> PROBLEM DESCRIPTION: Give the listing again word for word, excluding the pictures it contains.

> DATA PROVIDED:

>>>

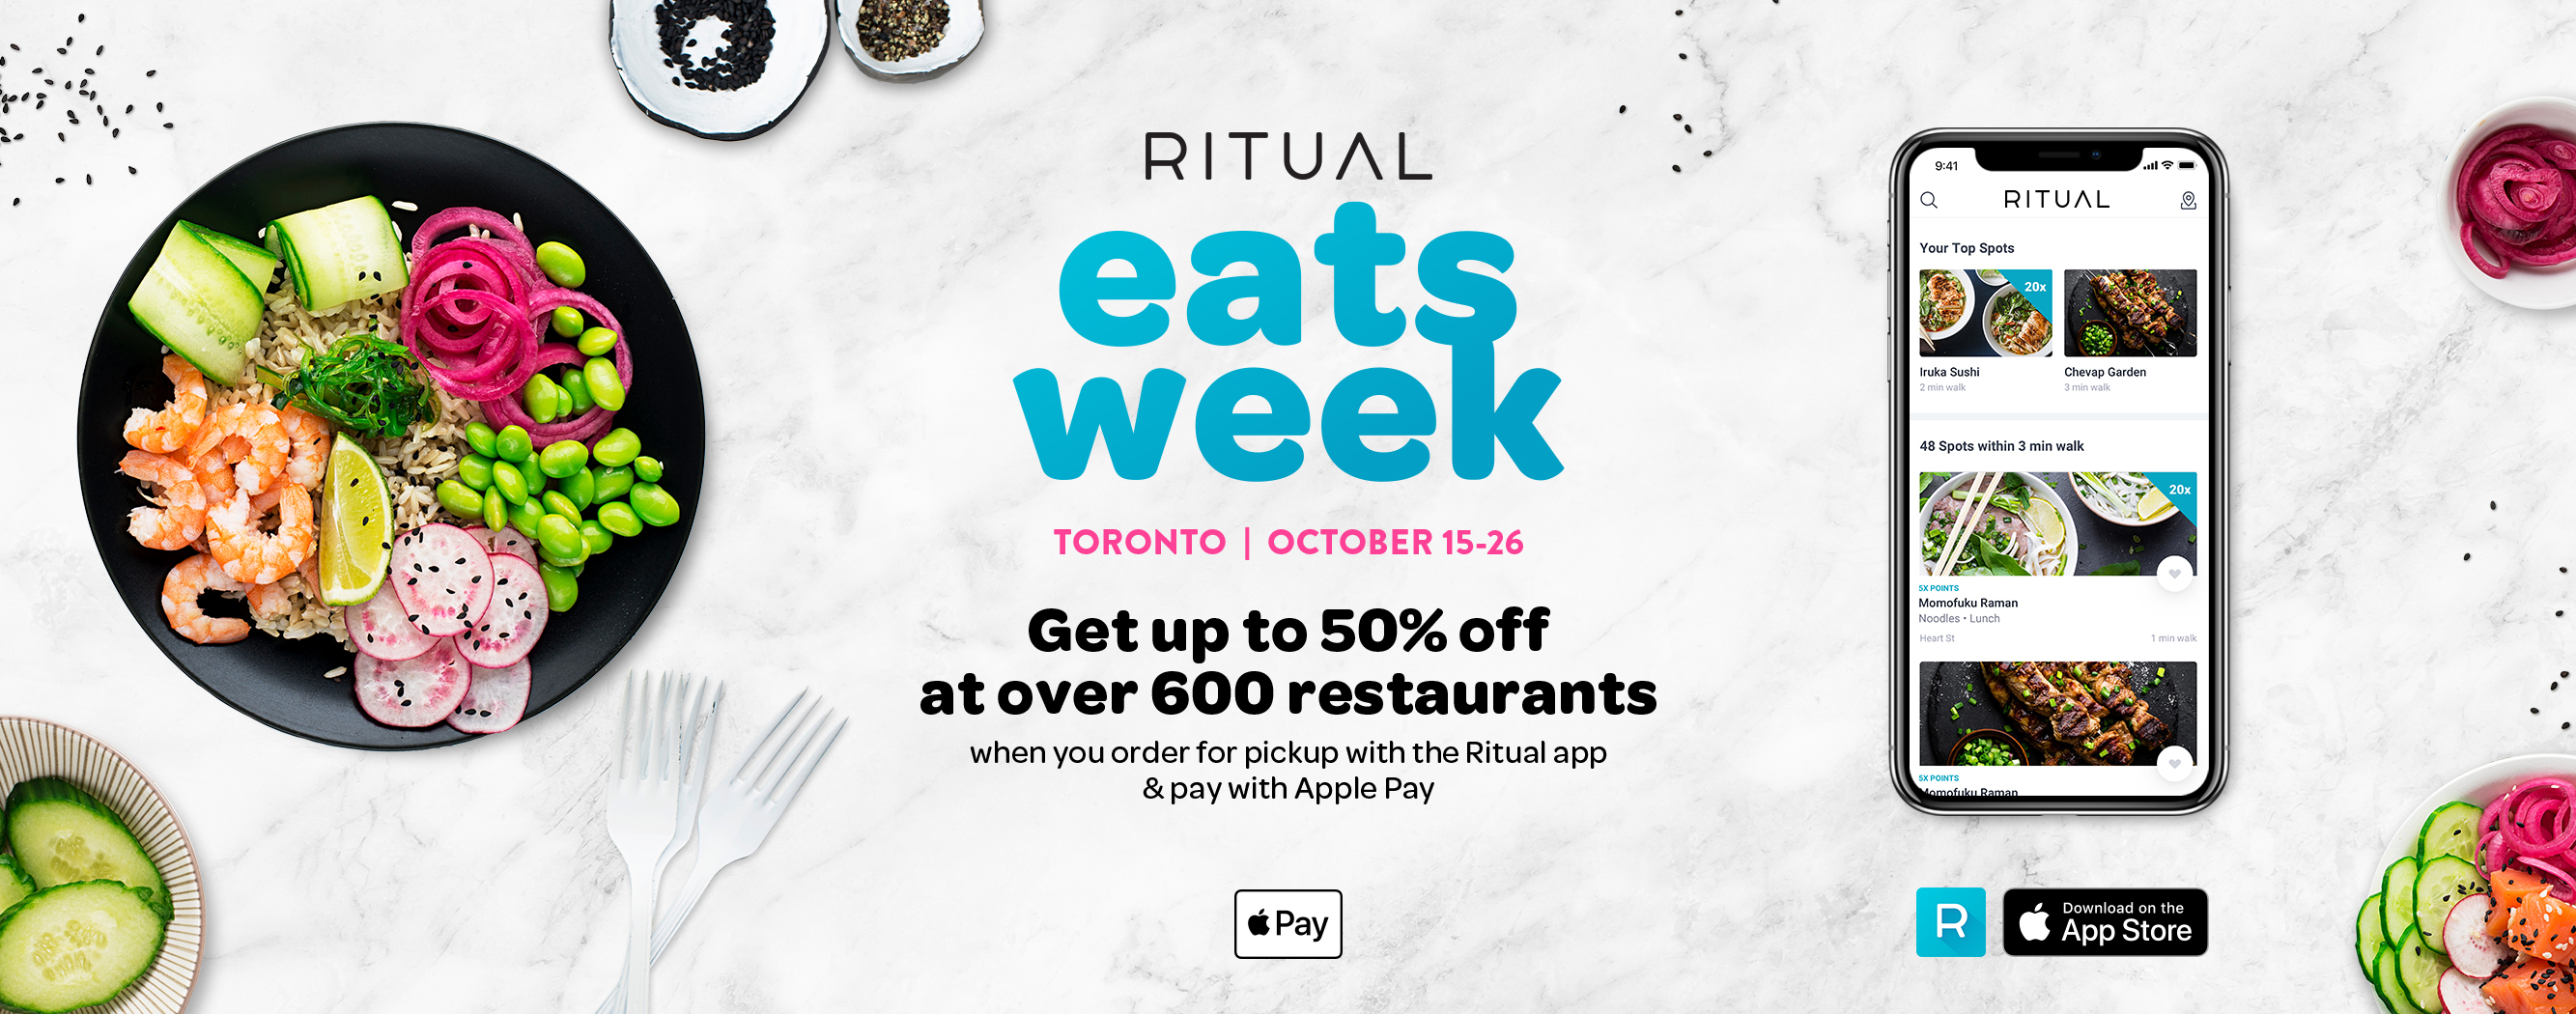 Ritual Eats Week Toronto
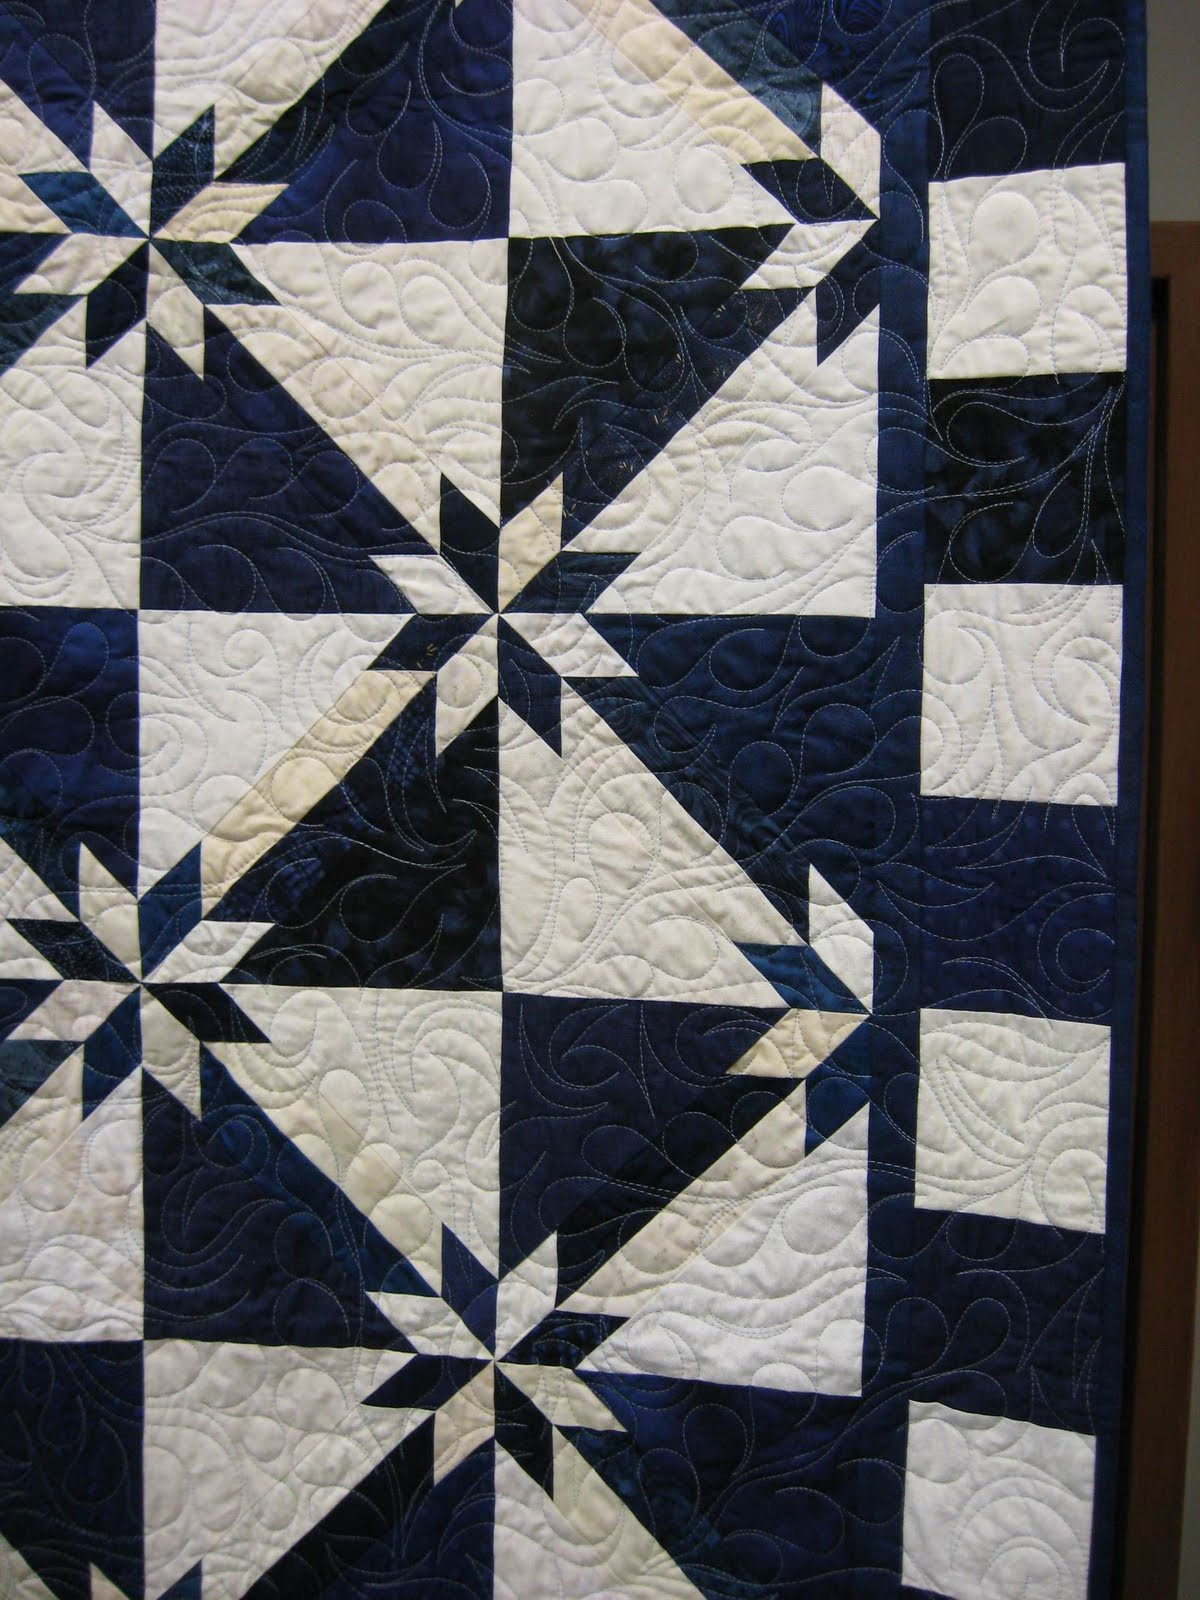 Hunters Star Pattern Patterns Gallery
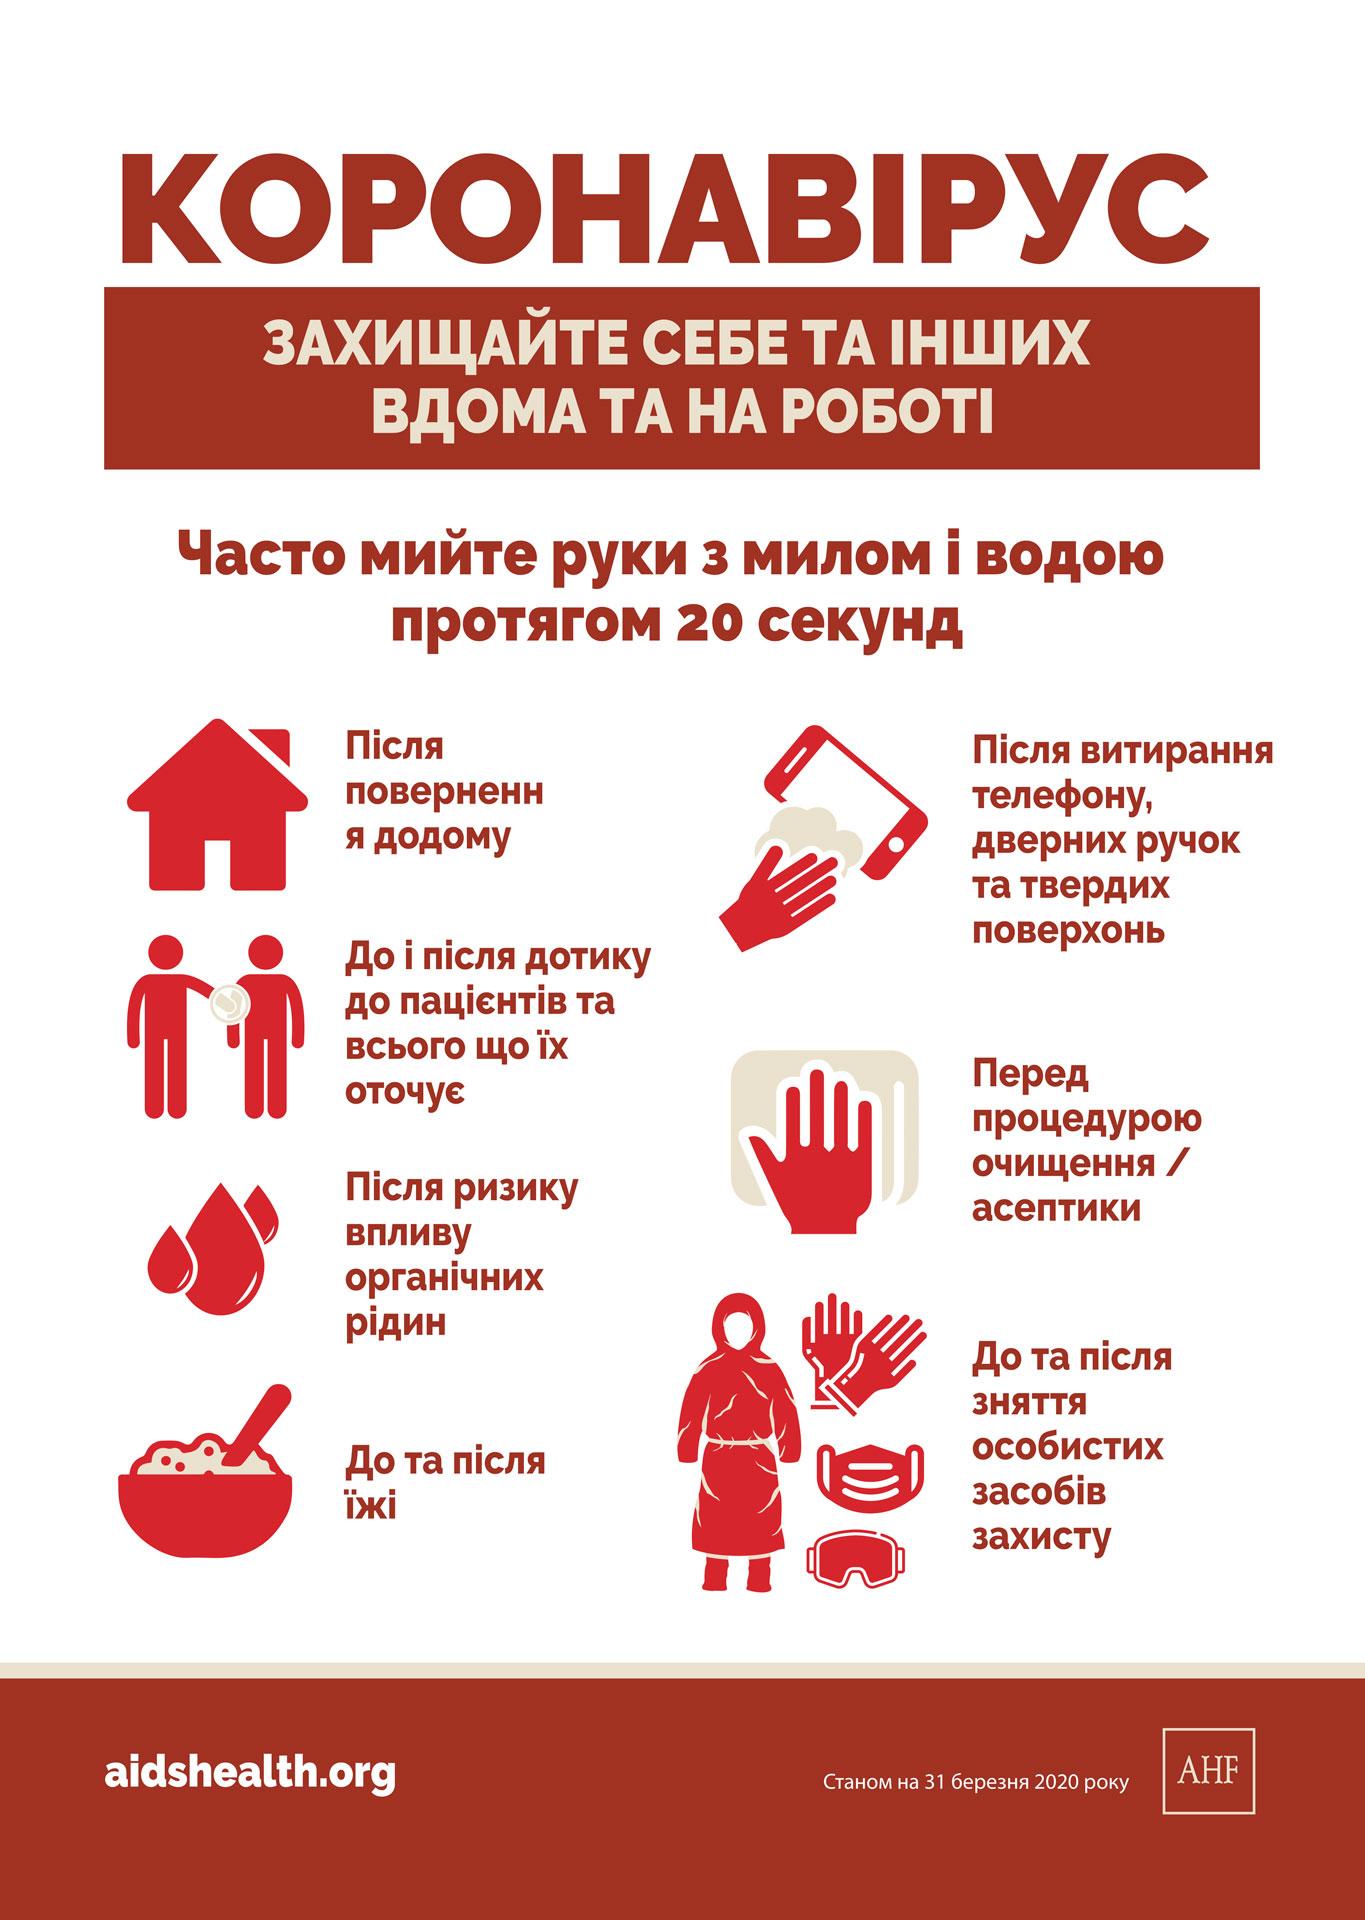 20 Iec Covid19 Advisory Hcw Ukrainian Updated March.31.2020 (1)

<<<

> WRITTEN RESPONSE:
 Ritual Eats Week Toronto
 Hunters Star Pattern Patterns Gallery
 20 Iec Covid19 Advisory Hcw Ukrainian Updated March.31.2020 (1)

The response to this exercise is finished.